Я взглянул на этого человека, но ответить не смог, иначе разорвал бы его в клочки тут же, на месте. Я поспешно вышел из комнаты, но не покинул этого дома без Гертруды: я усадил ее в экипаж рядом с собою, несмотря на все возражения и опасения содержателя дома умалишенных. Впрочем, он смолк, как только я выдал ему изрядную сумму денег: ее хватило бы на то, чтобы освободить добрую половину его подопечных. Из его слов я узнал, что Тиррел говорил о Гертруде как о несчастной женщине, которую он сам же соблазнил и от которой хотел бы теперь отделаться. Я вижу, Пелэм, ты помрачнел. Спасибо тебе за это, но придержи свое негодование до более подходящего момента.
Я увез свою жертву — ибо я считал ее своей жертвой — в уединенное, скрытое от всех место. Я обращался к лучшим врачам в Англии — все было тщетно. Днем и ночью; находился я подле нее, но ни разу, ни на мгновение она меня не узнала. Однако иногда, в разгар самого жестокого бреда, имя мое произносилось в порыве какого-то страстного восторга, черты лица моего припоминались, ибо я для нее отсутствовал, меня здесь не было, — и из слов ее можно было понять, что образ мой возникает перед нею во всех мельчайших подробностях. В такие мгновения, когда с нами не было ни единой живой души, я становился перед нею на колени, сжимал ее бледные руки, отирал ей пот со лба, смотрел в ее искаженное судорогой лицо, говорил с нею голосом, который некогда мог успокоить самое жестокое ее волнение, и в смертельном отчаянии убеждался, что глаза ее смотрят на меня с полной отчужденностью и равнодушием или же с величайшим ужасом и отвращением. Но время от времени она произносила слова, от которых я оледеневал до мозга костей. Я не мог, не хотел верить, что они имели какое-то значение, что в безумии их был скрыт некий смысл, но тем не менее они проникали мне в душу и терзали ее, как всепожирающее пламя. В этом бреде была какая-то правда, в этой бессвязности — логика; но я еще не испил своей чаши до дна.
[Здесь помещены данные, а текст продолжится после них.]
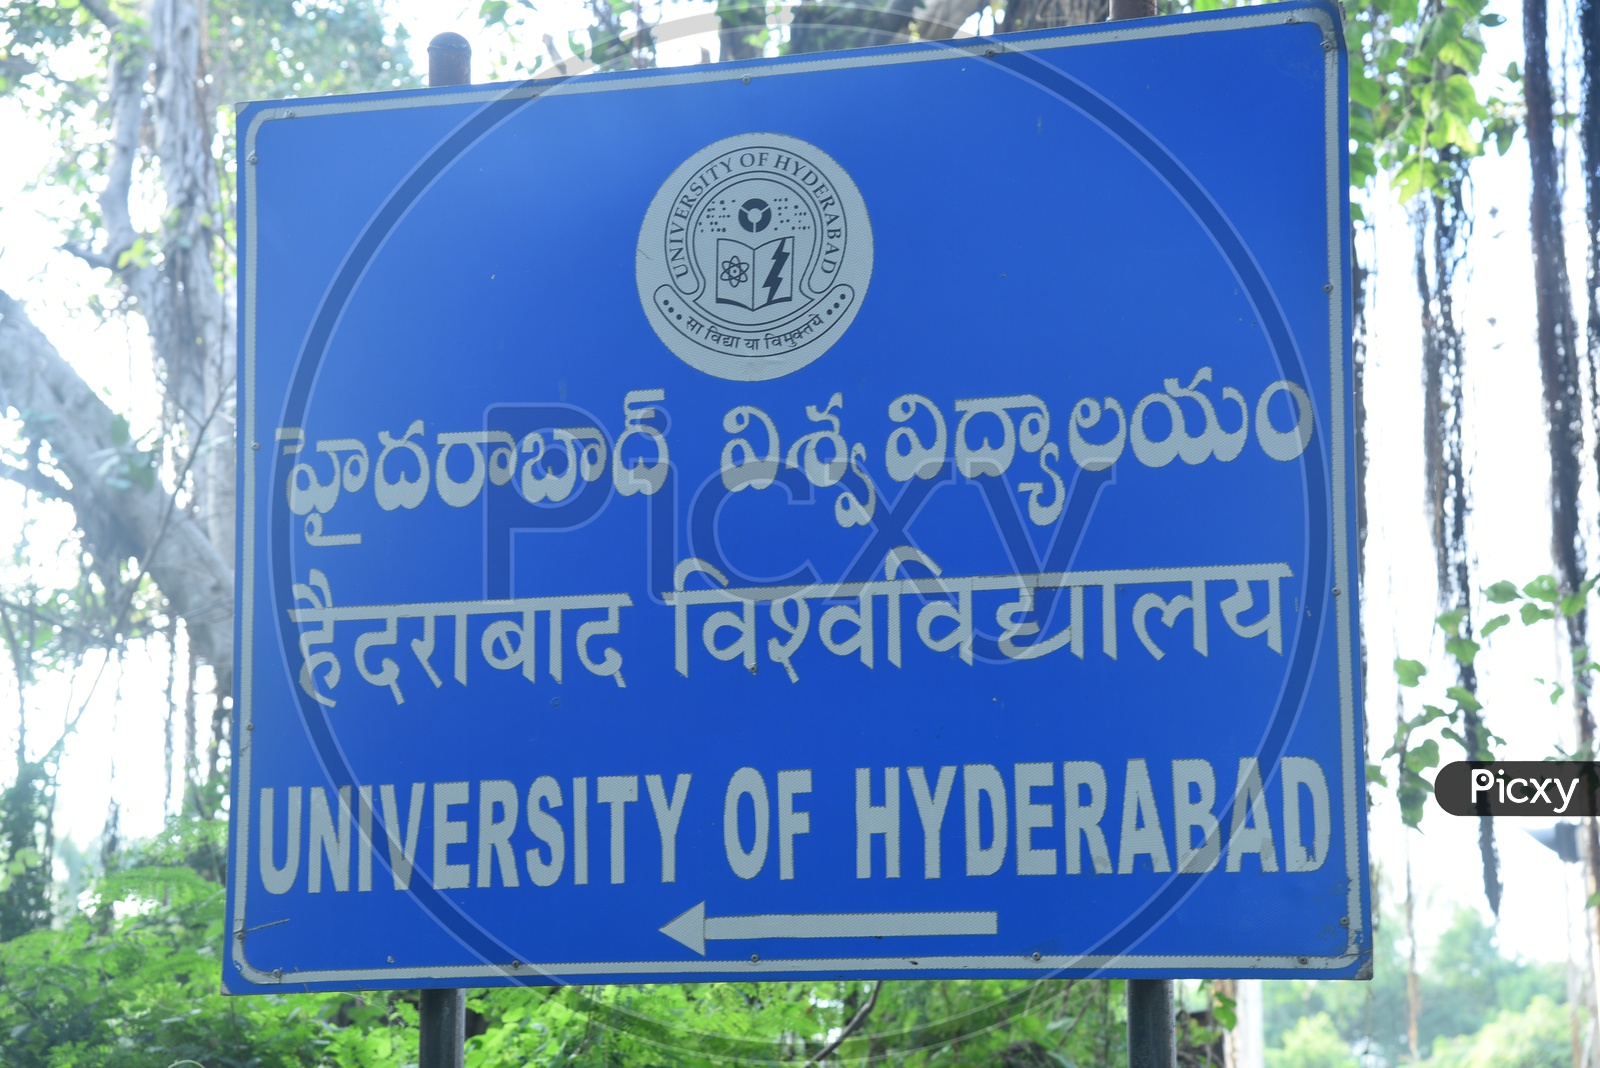 University Of Hyderabad Or Hyderabad Central University  Name Boards Inside University College

Под конец один врач, который, по-моему, больше чем другие разбирался в таинственных проявлениях этой ужасной болезни, посоветовал мне увезти Гертруду туда, где протекало ее раннее детство. «Подобные места, — вполне справедливо сказал он, — на всех стадиях жизни вспоминаешь с особенной любовью. А я замечал, что зачастую душевнобольные легче припоминают места, чем людей. Может быть, если удастся оживить одно звено в цепи, оно потянет за собою и другие».
Я принял этот совет и переехал в Норфолк. Дом ее детства находился в немногих милях от кладбища, где ты меня однажды встретил, а на кладбище этом похоронена была ее мать. Она умерла еще до побега Гертруды из родительского дома, отец же скончался после него. Быть может, мои страдания — лишь справедливое возмездие! Дом перешел в чужие руки, и мне не трудно было снять его. Слава богу, я не испытал муки встретиться с кем-либо из родственников Гертруды.
Мы переехали в этот дом ночью. В комнату, где она раньше спала, я велел перенести мебель и книги, которые, как я разузнал, находились там в те годы. Мы уложили ее на ту же кровать, на которой она, теперь такая изможденная, так страшно изменившаяся, спала в те дни, когда была молода и невинна. Я закутался в плащ и сел в дальнем углу комнаты, считая тоскливые минуты, оставшиеся до рассвета. Не буду вдаваться в подробности — опыт частично удался, — но лучше бы бог этого не допустил! Лучше бы сошла она в могилу, не раскрыв своей ужасной тайны! Лучше бы, но…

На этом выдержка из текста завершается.